_Task description_
Please return each entry that follows exactly as given, but without pictures.

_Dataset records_
..............................

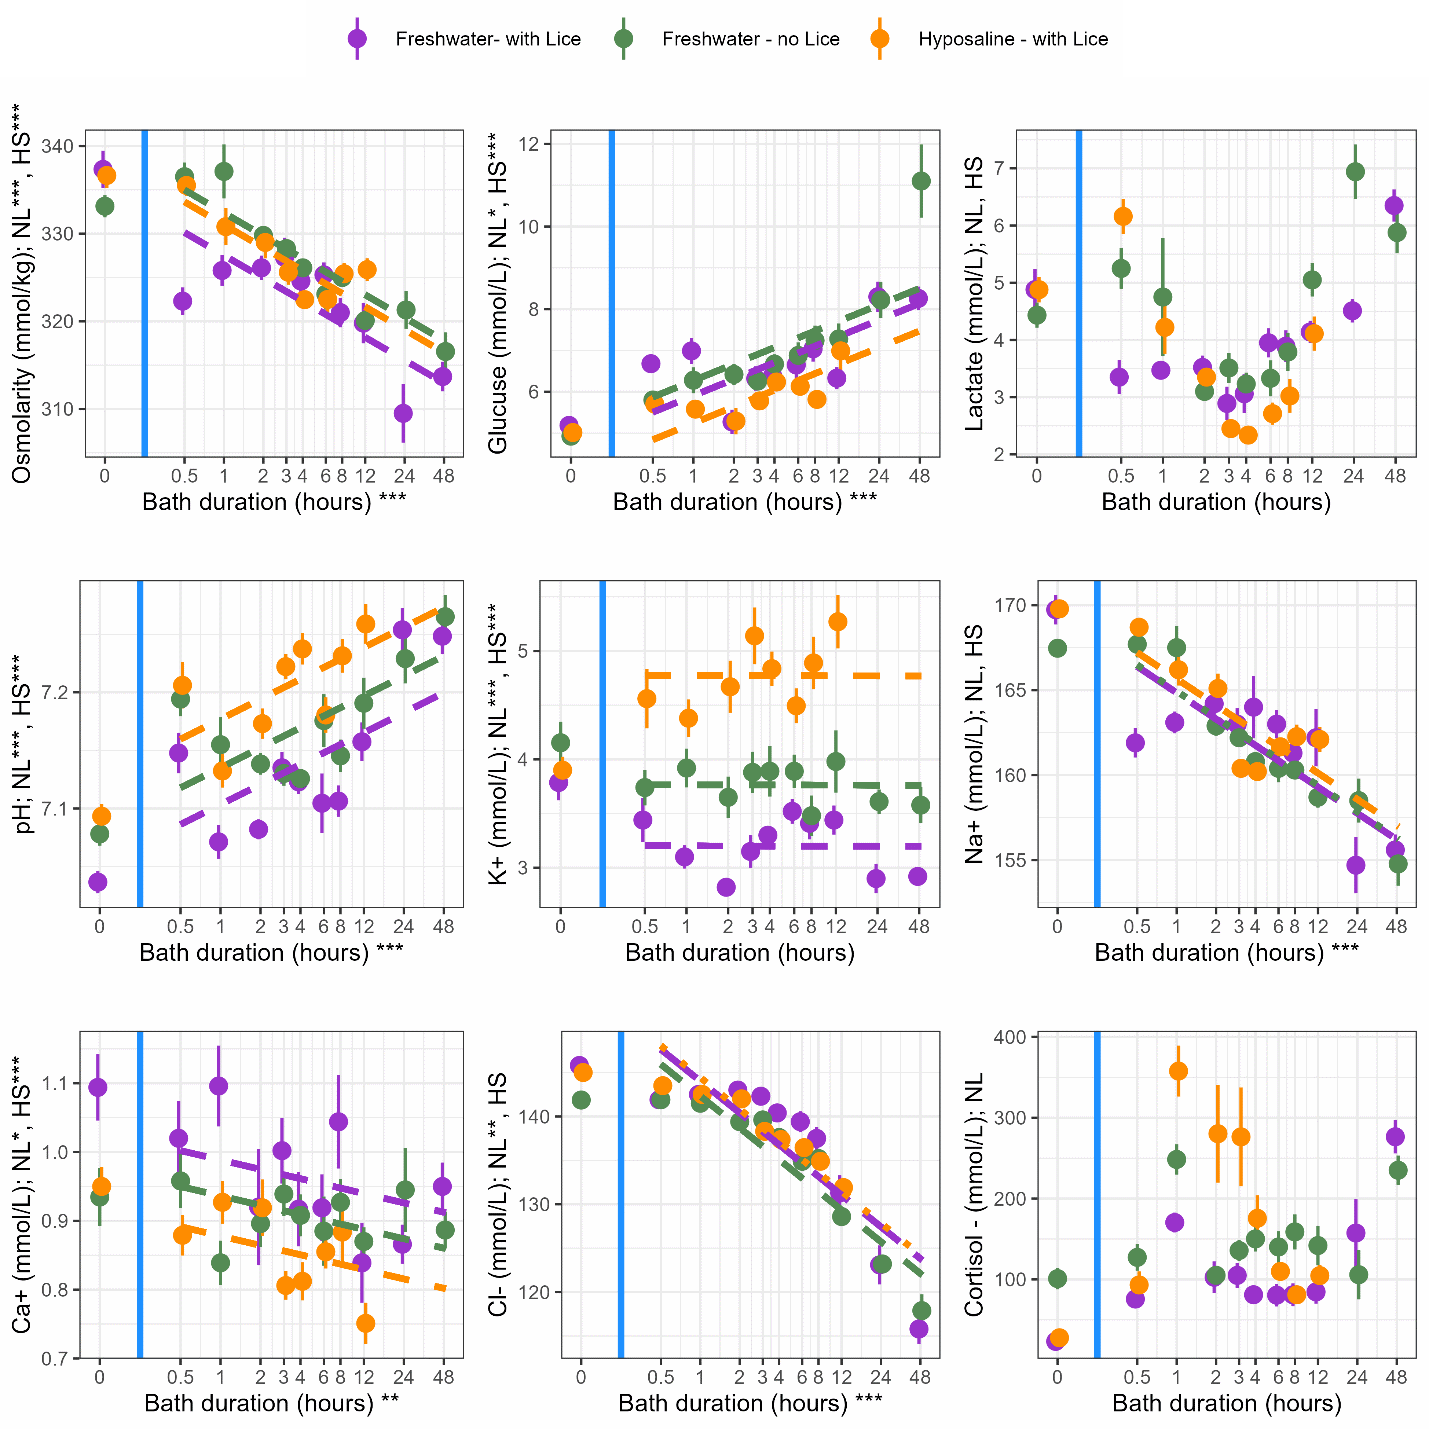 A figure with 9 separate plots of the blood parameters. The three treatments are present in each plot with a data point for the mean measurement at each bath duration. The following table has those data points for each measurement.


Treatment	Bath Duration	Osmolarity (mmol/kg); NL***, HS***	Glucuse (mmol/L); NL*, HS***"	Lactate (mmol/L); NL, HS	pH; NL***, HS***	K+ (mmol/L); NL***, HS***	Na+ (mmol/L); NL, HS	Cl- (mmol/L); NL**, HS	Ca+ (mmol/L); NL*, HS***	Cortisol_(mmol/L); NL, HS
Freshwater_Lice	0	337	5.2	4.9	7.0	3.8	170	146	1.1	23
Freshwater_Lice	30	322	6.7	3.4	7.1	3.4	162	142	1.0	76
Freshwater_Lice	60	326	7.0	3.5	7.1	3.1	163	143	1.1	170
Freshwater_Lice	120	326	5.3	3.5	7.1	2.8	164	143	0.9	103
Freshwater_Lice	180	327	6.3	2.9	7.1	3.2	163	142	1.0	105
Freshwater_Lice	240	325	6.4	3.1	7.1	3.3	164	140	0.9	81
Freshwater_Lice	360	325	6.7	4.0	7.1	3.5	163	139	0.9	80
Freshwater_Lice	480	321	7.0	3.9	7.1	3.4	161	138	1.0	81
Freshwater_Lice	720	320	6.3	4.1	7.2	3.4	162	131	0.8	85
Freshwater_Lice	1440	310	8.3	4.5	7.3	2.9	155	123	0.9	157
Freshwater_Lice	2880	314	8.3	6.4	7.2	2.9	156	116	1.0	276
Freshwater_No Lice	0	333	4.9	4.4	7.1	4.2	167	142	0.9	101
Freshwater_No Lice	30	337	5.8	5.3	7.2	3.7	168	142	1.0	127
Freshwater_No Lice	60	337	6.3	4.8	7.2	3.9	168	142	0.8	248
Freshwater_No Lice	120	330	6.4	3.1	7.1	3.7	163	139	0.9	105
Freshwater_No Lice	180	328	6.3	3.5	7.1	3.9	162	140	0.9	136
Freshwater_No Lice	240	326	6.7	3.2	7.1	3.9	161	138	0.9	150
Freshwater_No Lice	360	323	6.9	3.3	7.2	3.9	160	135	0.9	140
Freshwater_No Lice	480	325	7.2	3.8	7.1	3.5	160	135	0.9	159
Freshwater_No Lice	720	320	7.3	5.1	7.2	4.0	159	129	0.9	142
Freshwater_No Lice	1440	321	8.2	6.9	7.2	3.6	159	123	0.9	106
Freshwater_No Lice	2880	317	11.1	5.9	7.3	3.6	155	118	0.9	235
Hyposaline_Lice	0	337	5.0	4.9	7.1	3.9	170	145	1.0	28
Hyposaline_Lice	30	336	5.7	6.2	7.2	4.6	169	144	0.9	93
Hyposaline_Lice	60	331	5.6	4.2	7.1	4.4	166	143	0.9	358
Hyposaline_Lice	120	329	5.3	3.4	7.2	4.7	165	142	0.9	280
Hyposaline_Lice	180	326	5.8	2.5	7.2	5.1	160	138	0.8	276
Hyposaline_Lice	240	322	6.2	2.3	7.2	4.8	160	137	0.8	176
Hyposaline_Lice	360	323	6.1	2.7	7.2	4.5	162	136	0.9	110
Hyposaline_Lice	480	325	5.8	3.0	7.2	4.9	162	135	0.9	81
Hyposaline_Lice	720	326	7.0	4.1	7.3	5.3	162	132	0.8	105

..............................

_Task response_
 A figure with 9 separate plots of the blood parameters. The three treatments are present in each plot with a data point for the mean measurement at each bath duration. The following table has those data points for each measurement.


Treatment	Bath Duration	Osmolarity (mmol/kg); NL***, HS***	Glucuse (mmol/L); NL*, HS***"	Lactate (mmol/L); NL, HS	pH; NL***, HS***	K+ (mmol/L); NL***, HS***	Na+ (mmol/L); NL, HS	Cl- (mmol/L); NL**, HS	Ca+ (mmol/L); NL*, HS***	Cortisol_(mmol/L); NL, HS
Freshwater_Lice	0	337	5.2	4.9	7.0	3.8	170	146	1.1	23
Freshwater_Lice	30	322	6.7	3.4	7.1	3.4	162	142	1.0	76
Freshwater_Lice	60	326	7.0	3.5	7.1	3.1	163	143	1.1	170
Freshwater_Lice	120	326	5.3	3.5	7.1	2.8	164	143	0.9	103
Freshwater_Lice	180	327	6.3	2.9	7.1	3.2	163	142	1.0	105
Freshwater_Lice	240	325	6.4	3.1	7.1	3.3	164	140	0.9	81
Freshwater_Lice	360	325	6.7	4.0	7.1	3.5	163	139	0.9	80
Freshwater_Lice	480	321	7.0	3.9	7.1	3.4	161	138	1.0	81
Freshwater_Lice	720	320	6.3	4.1	7.2	3.4	162	131	0.8	85
Freshwater_Lice	1440	310	8.3	4.5	7.3	2.9	155	123	0.9	157
Freshwater_Lice	2880	314	8.3	6.4	7.2	2.9	156	116	1.0	276
Freshwater_No Lice	0	333	4.9	4.4	7.1	4.2	167	142	0.9	101
Freshwater_No Lice	30	337	5.8	5.3	7.2	3.7	168	142	1.0	127
Freshwater_No Lice	60	337	6.3	4.8	7.2	3.9	168	142	0.8	248
Freshwater_No Lice	120	330	6.4	3.1	7.1	3.7	163	139	0.9	105
Freshwater_No Lice	180	328	6.3	3.5	7.1	3.9	162	140	0.9	136
Freshwater_No Lice	240	326	6.7	3.2	7.1	3.9	161	138	0.9	150
Freshwater_No Lice	360	323	6.9	3.3	7.2	3.9	160	135	0.9	140
Freshwater_No Lice	480	325	7.2	3.8	7.1	3.5	160	135	0.9	159
Freshwater_No Lice	720	320	7.3	5.1	7.2	4.0	159	129	0.9	142
Freshwater_No Lice	1440	321	8.2	6.9	7.2	3.6	159	123	0.9	106
Freshwater_No Lice	2880	317	11.1	5.9	7.3	3.6	155	118	0.9	235
Hyposaline_Lice	0	337	5.0	4.9	7.1	3.9	170	145	1.0	28
Hyposaline_Lice	30	336	5.7	6.2	7.2	4.6	169	144	0.9	93
Hyposaline_Lice	60	331	5.6	4.2	7.1	4.4	166	143	0.9	358
Hyposaline_Lice	120	329	5.3	3.4	7.2	4.7	165	142	0.9	280
Hyposaline_Lice	180	326	5.8	2.5	7.2	5.1	160	138	0.8	276
Hyposaline_Lice	240	322	6.2	2.3	7.2	4.8	160	137	0.8	176
Hyposaline_Lice	360	323	6.1	2.7	7.2	4.5	162	136	0.9	110
Hyposaline_Lice	480	325	5.8	3.0	7.2	4.9	162	135	0.9	81
Hyposaline_Lice	720	326	7.0	4.1	7.3	5.3	162	132	0.8	105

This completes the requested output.